The authority on such kobelt ore at the time was Georgius Agricola. He was also the oft-quoted authority on the mine spirits called "kobel" in a separate work.
Agricola did not make a connection between the similarly named ore and spirit. However, a causal connection was made by a contemporary, and a word origin connection made by a late 18th century writer. Later, Grimms' dictionary noted the kobalt/kobelt ore was blamed on the mountain spirit which was also held responsible for "stealing the silver and putting out an ore that caused poor mining atmosphere and other health hazards".
Grimms' dictionary entries equated the word "kobel" with "kobold", and listed it as a mere variant diminutive, but the latter is defined in it as a household spirit. Some more recent commentators prefer to characterize the ore's namesake kobelt as a gnome.
The early 20th century Oxford English Dictionary upheld Grimm's etymology. However, by around the same time in Germany, the alternate etymology not endorsed by Grimm was being proposed as more convincing.

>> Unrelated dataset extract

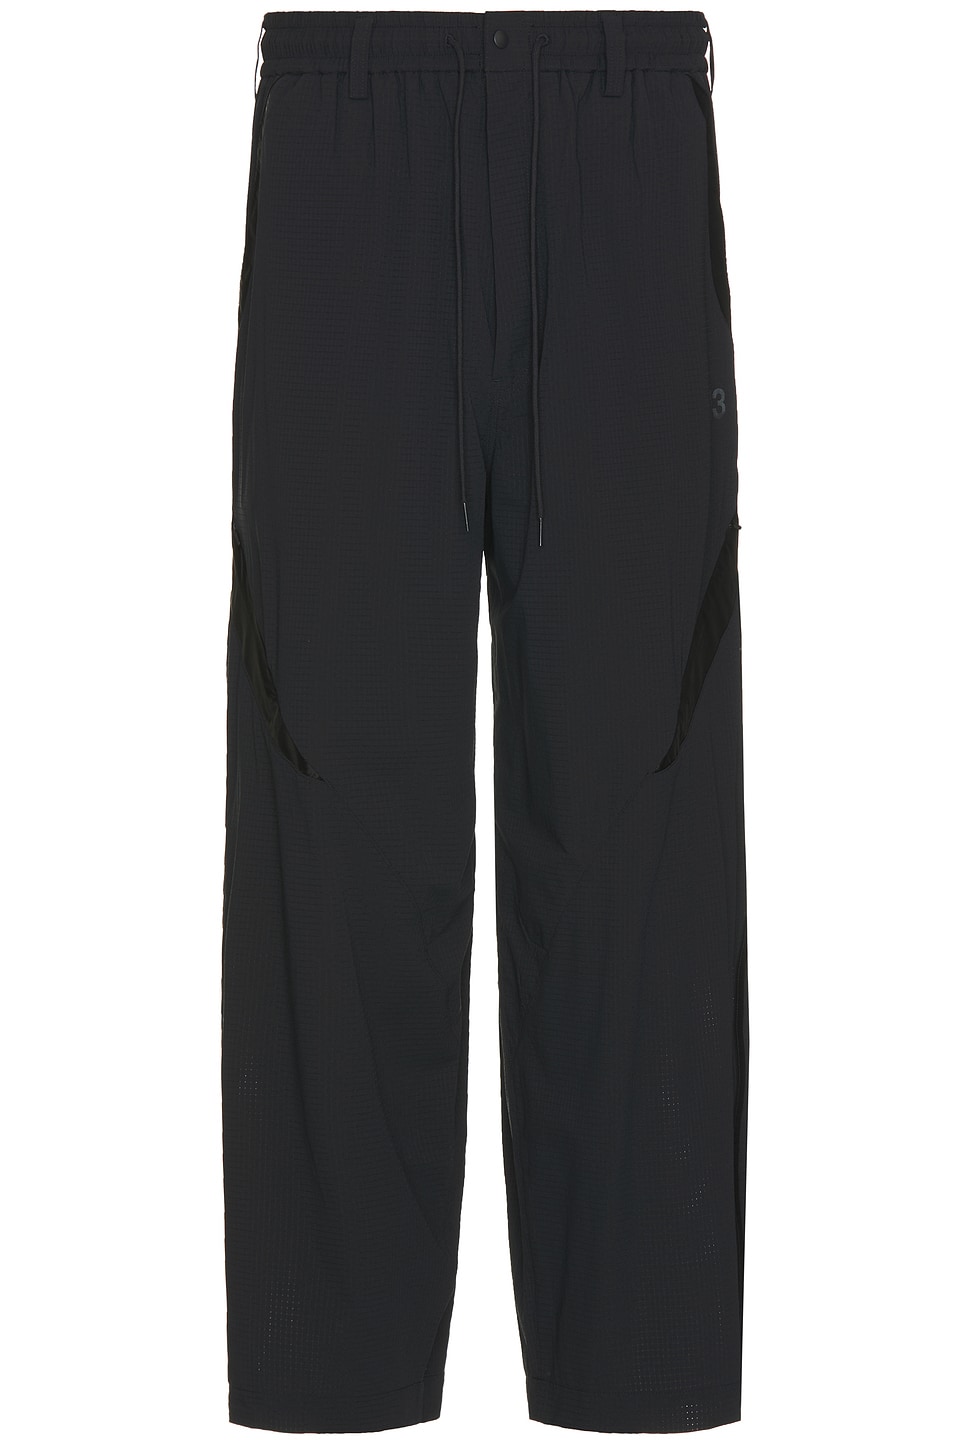 Image 1 of Y-3 Yohji Yamamoto Nyl Pants in Black

Somewhat later, Paul Kretschmer explained that while this "house ruler" etymology was the proper one that backed the original meaning of kobold as household spirit, a corruption later occurred introducing the idea of "mine demon" to it. The present edition of the Etymologisches Wörterbuch under "kobold" lists the latter, not Grimm's etymology, but still maintains, under its entry for "kobalt", that the cobalt ore may have gotten its name from "a type of mine spirit/demon" while stating that this is "apparently" the kobold.
Joseph William Mellor also stated that cobalt may derive from kobalos, though other theories had been suggested.